■ REQUIREMENT ■
Retype word for word the stretch of entries below from the line that has "How much is Dana White from UFC worth?" through the line that has "DLA Distribution’s Army", and omit the pictures.

■ RAW DATA ■
________________________________________

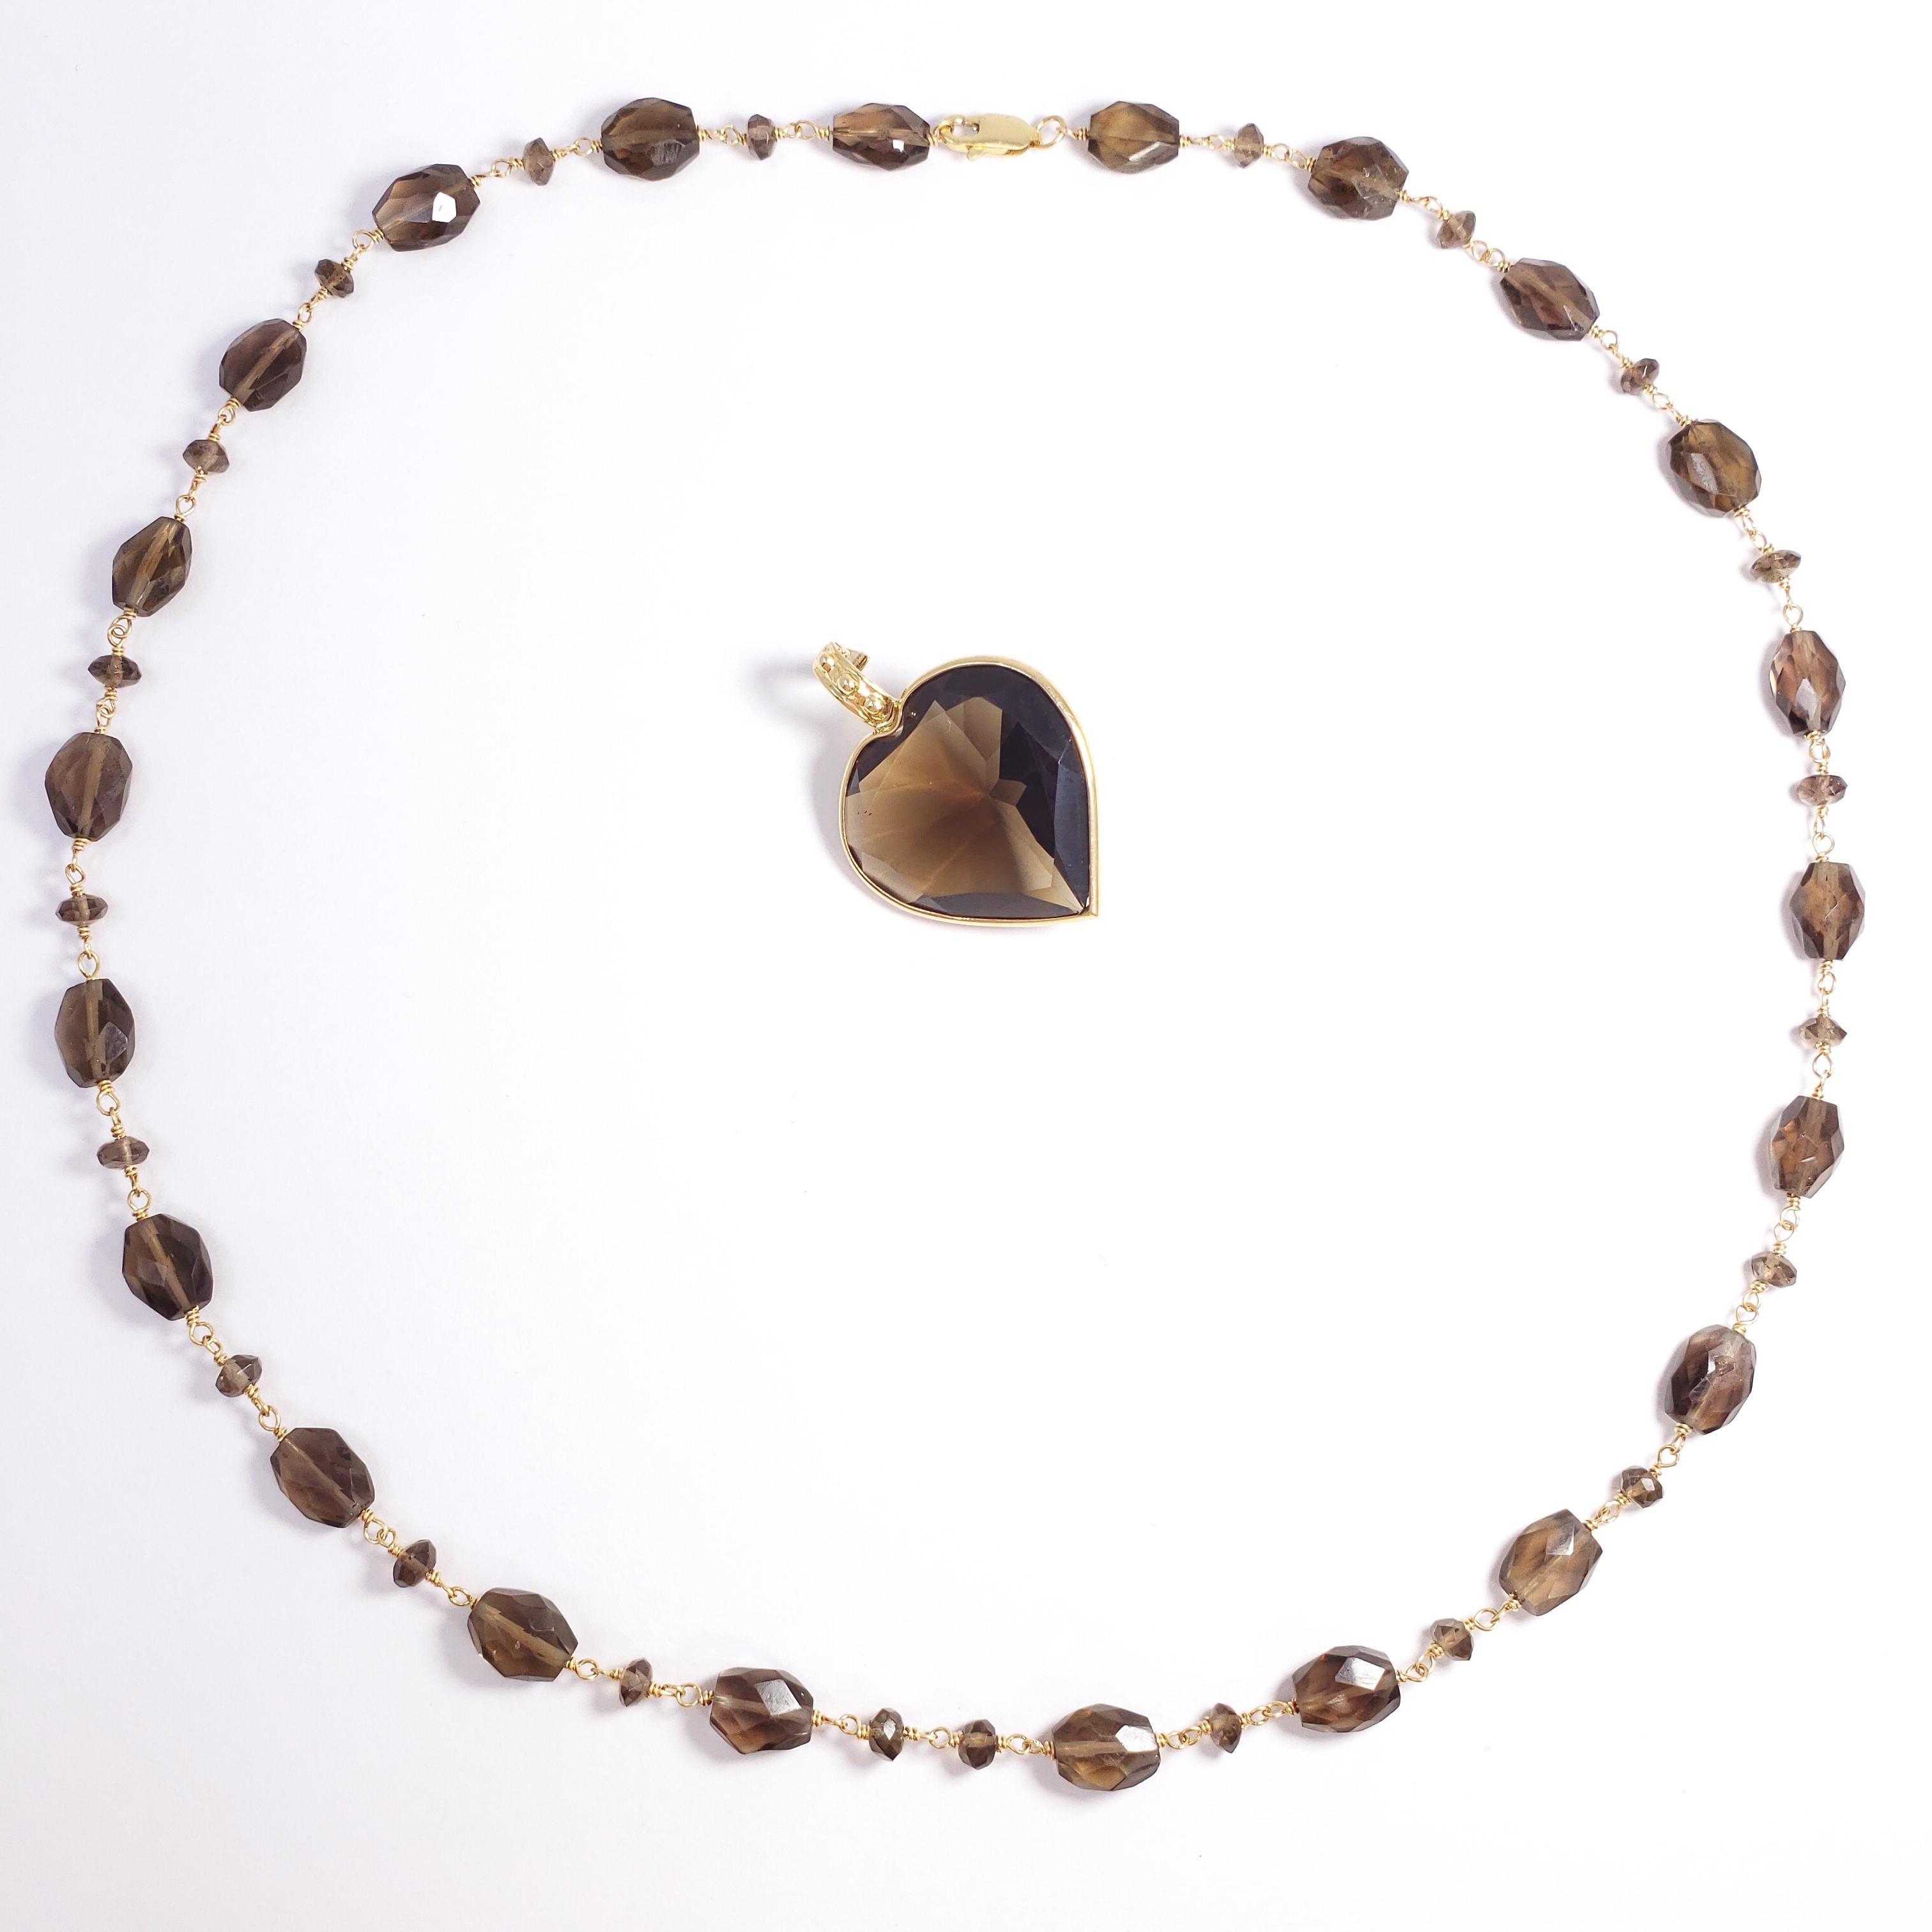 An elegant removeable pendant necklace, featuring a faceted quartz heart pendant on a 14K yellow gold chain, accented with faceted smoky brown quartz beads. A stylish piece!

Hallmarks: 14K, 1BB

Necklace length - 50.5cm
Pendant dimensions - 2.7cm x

________________________________________

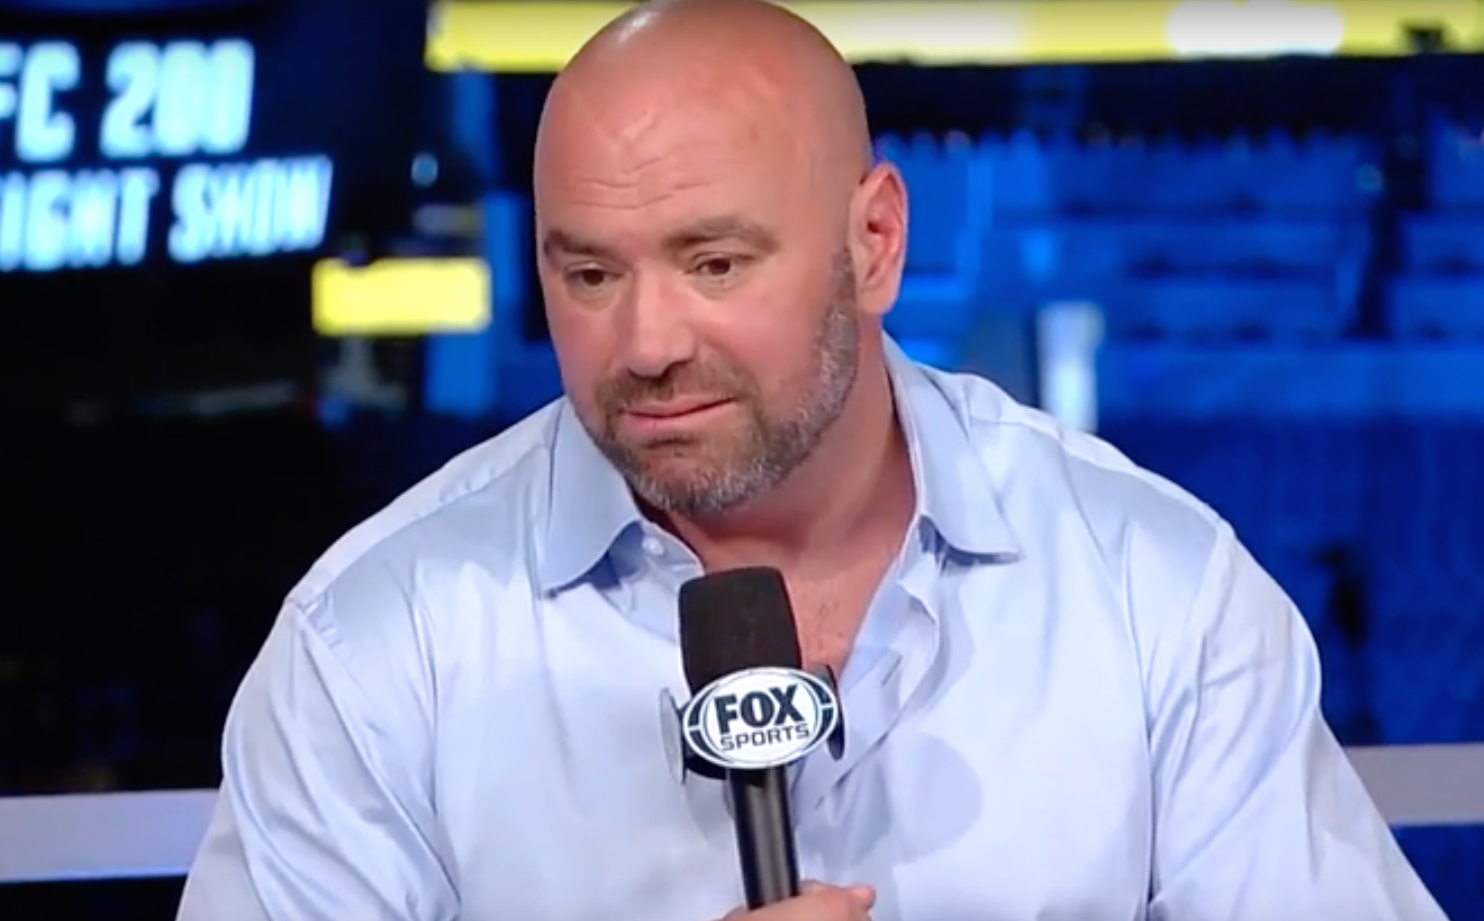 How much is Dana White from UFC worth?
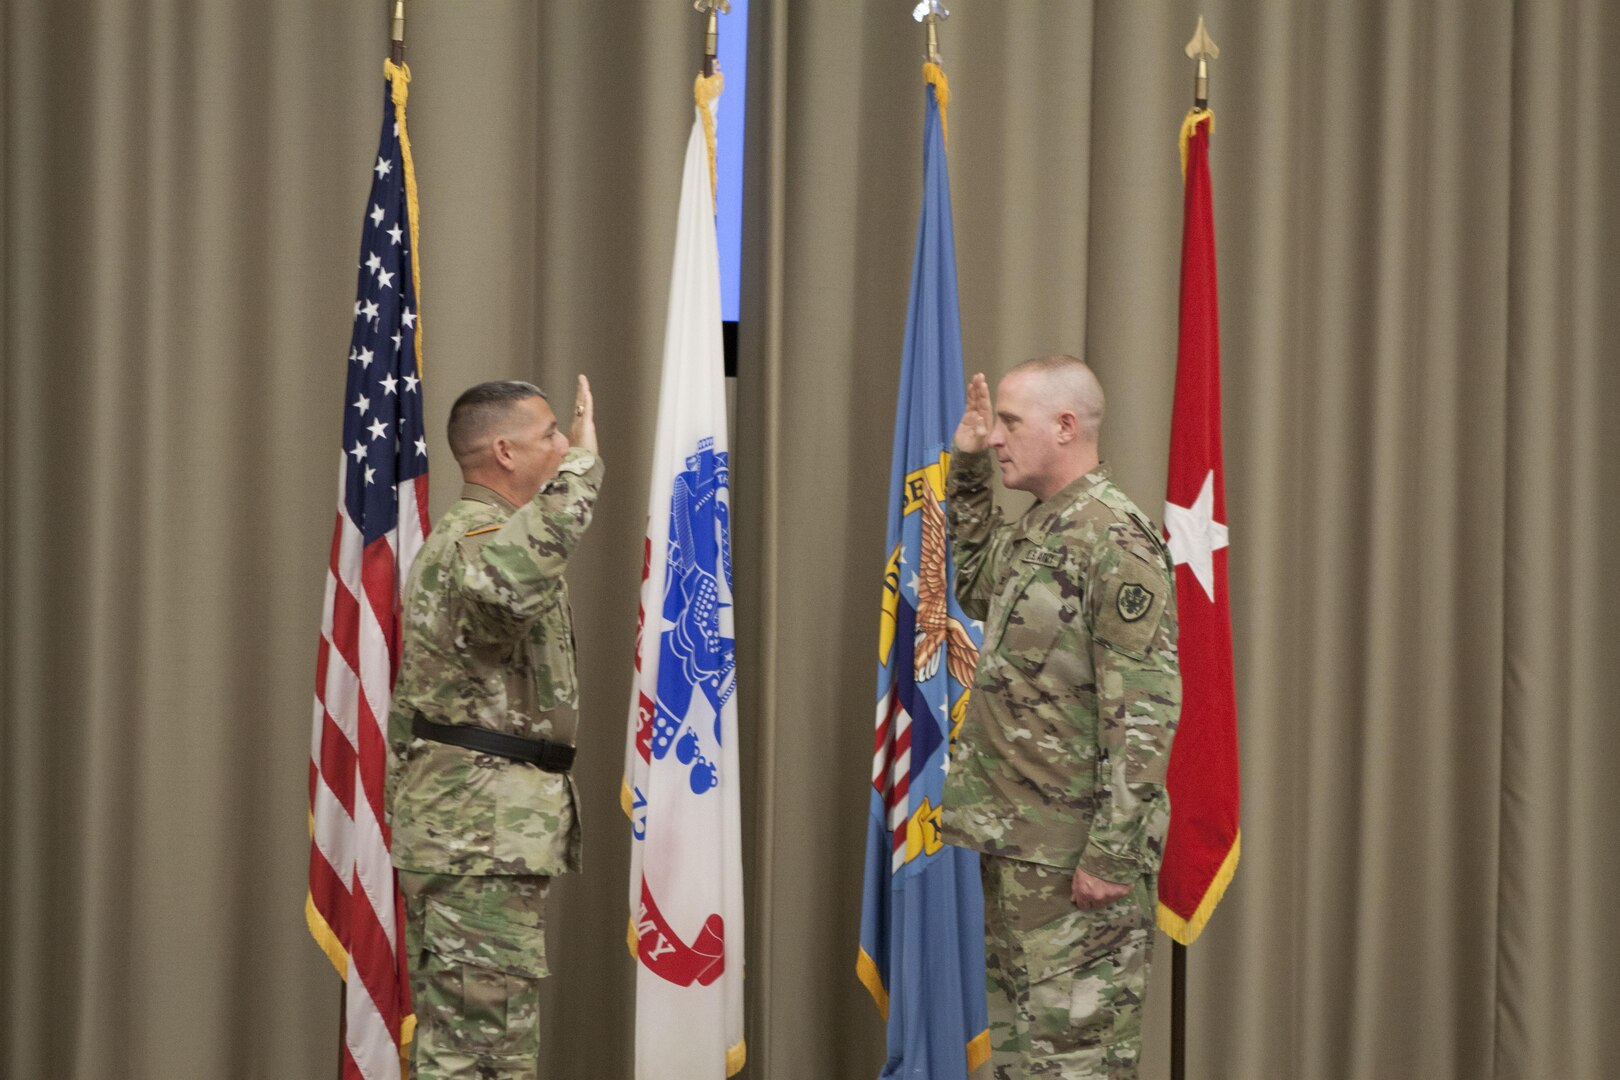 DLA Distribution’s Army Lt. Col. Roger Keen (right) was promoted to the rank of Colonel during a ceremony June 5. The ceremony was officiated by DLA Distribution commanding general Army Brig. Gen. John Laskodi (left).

________________________________________

■ PROBLEM SOLUTION ■
 How much is Dana White from UFC worth?
 DLA Distribution’s Army Lt. Col. Roger Keen (right) was promoted to the rank of Colonel during a ceremony June 5. The ceremony was officiated by DLA Distribution commanding general Army Brig. Gen. John Laskodi (left).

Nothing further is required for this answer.